The final installment was of course Goetterdammerung, arguably the most complex, technically and theatrically challenging of the tetralogy. It requires topnotch singers and a clear directorial vision to bring it off. Musically it succeeded in spades. I say that wholeheartedly by offering a personal testimonial of sorts. I suffered an unfortunate injury the day of the opera by running for the tram from the hotel to the National-theater. On that day, there was a detour due to the outdoor simulcast of the opera at Max-Joseph Platz. In my haste to catch the tram as fast as I could, I felt something rip in the back of my thigh. But missing the tram was not an option so I continued. I ended up with a huge rupture of my left hamstrings - as determined by an ultra-sound the following day - that left me hobbling for the rest of my Munich sojourn.  The idea of sitting through six hours of Goetterdammerung on the evening of having suffered this serious injury was rather agonizing, and it was.  But I can honestly say that the power of the Wagnerian score in the hands of Nagano and his orchestra, and of course the magnificent singing of the great cast made the ordeal actually quite bearable - I almost forgot the pain!  A baptism by fire to be sure, but it was worth it.  The next day, I developed a huge and scary hematoma, but that's another story... 

This Goetterdammerung was a stylistic departure from the other three segments in that there is a physical set used to depict the Gibichung Hall. The time is "contemporary", the single set, a multilevel structure appears to depict a big business concern and symbols of the current European economic crisis are everywhere, none more prominent than the Euro currency symbol as a rocking horse, a mildly amusing touch. The characters are finely if rather idiosyncratically, drawn. Alberich is a cigar-liquor pilfering kleptomaniac; Gutrune a rich, spoiled princess; Waltraute a victim of obsessive compulsive disorder as indicated in the incessant rubbing of her leg.  Some of these touches worked while others didn't.  The Norn Scene, staged in what appeared to be the aftermath of a nuclear accident, has contemporary resonance, even if the yarn was deliberately broken by one of the Norns, sort of taking some of the magic away.  "Money and Power Corrupt" is underscored by Kriegenburg, especially in the individual characterizations, like Alberich, Hagen, Gunther and Guturne. Hagen's call of the vassals brings forth not a cadre of warriors but a group of mobile-wielding suits, but once the novelty had worn off, it got tedious - how many cellphone salutes do we need?  Also less than convincing is the transformation of Guturne from a willful and glamorous socialite to a grieving widow. In Kriegenburg's vision, Gutrune has a more important role than in any previous productions I have seen, a bit too contrived and undeserving in my book. She's really the only Gibichung survivor, together with the "masses" at the end.   In fact, I find the denouement profoundly unimaginative and unsatisfying, as if Kriegenburg was running out of ideas. . 

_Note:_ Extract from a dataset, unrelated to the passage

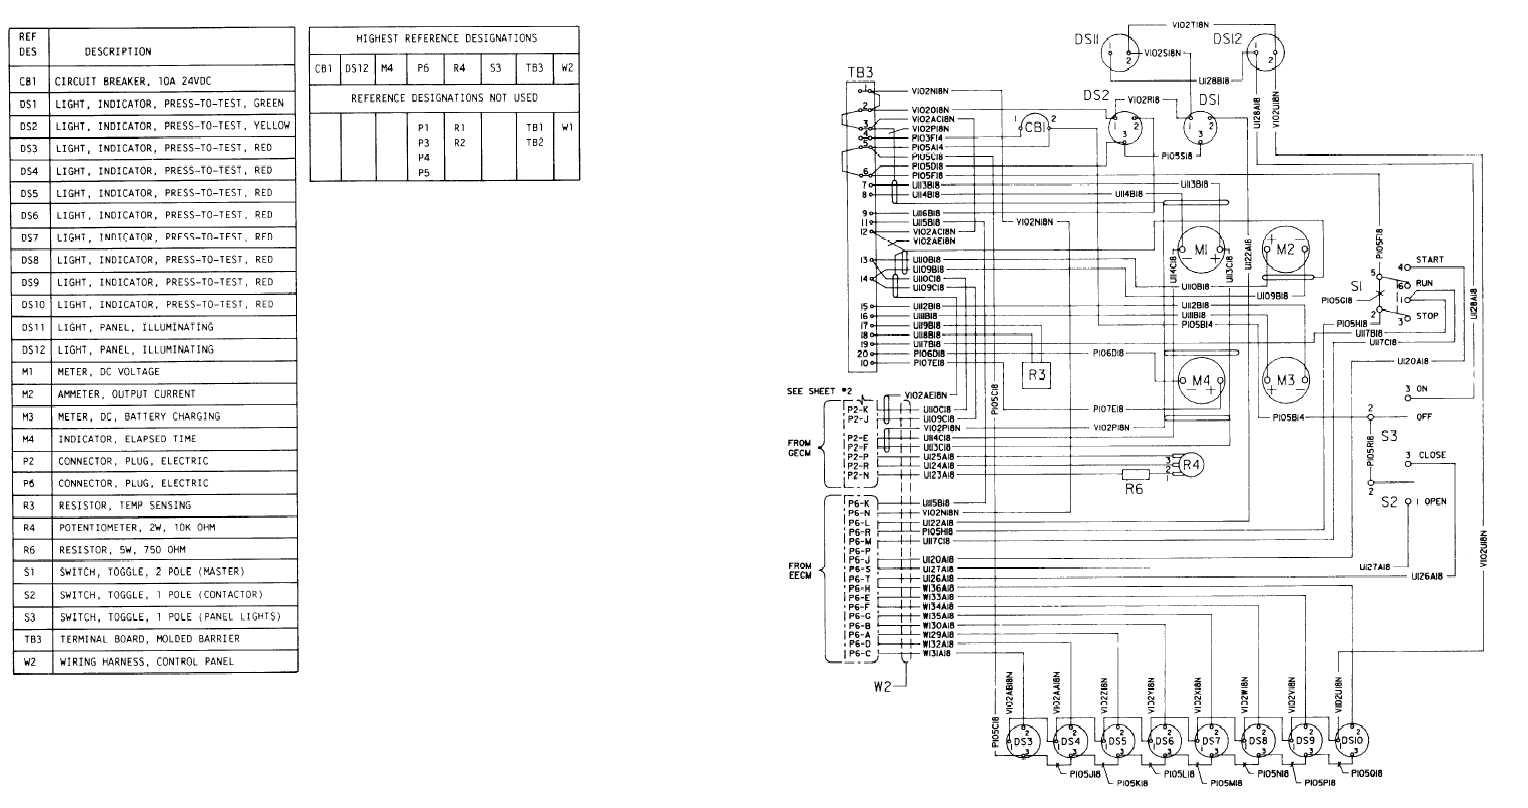 3 phase 120 208 panel wiring diagram

At the end of the day, the most satisfying aspect of this Goetterdammerung was musical. Top vocal honours went to soprano Nina Stemme, who is the Brunnhilde of one's dreams today. This Swedish soprano is unquestionably the most astounding Brunnhilde since her countrywoman Birgit Nilsson - Stemme has an equally voluminous soprano but a warmer sound.  I was sitting in the seventh row in the middle of the orchestra, and at times my ears were ringing.  Her finely detailed characterization and dramatic intensity were astounding. Stephen Gould as the mature Siegfried matched her note for note, even if his delivery was excessively stentorian and lacked the lyricism of Lance Ryan. A late replacement, Eric Halvarson was a creditable Hagen, impressive in his Horn Call. Anna Gabler was an excellent Gutrune vocally and visually. Nagano's coaxed glorious sounds from the orchestra, in a well paced reading of the score. He, the orchestra and the soloists deservedly received repeated vociferous ovations from the appreciative audience.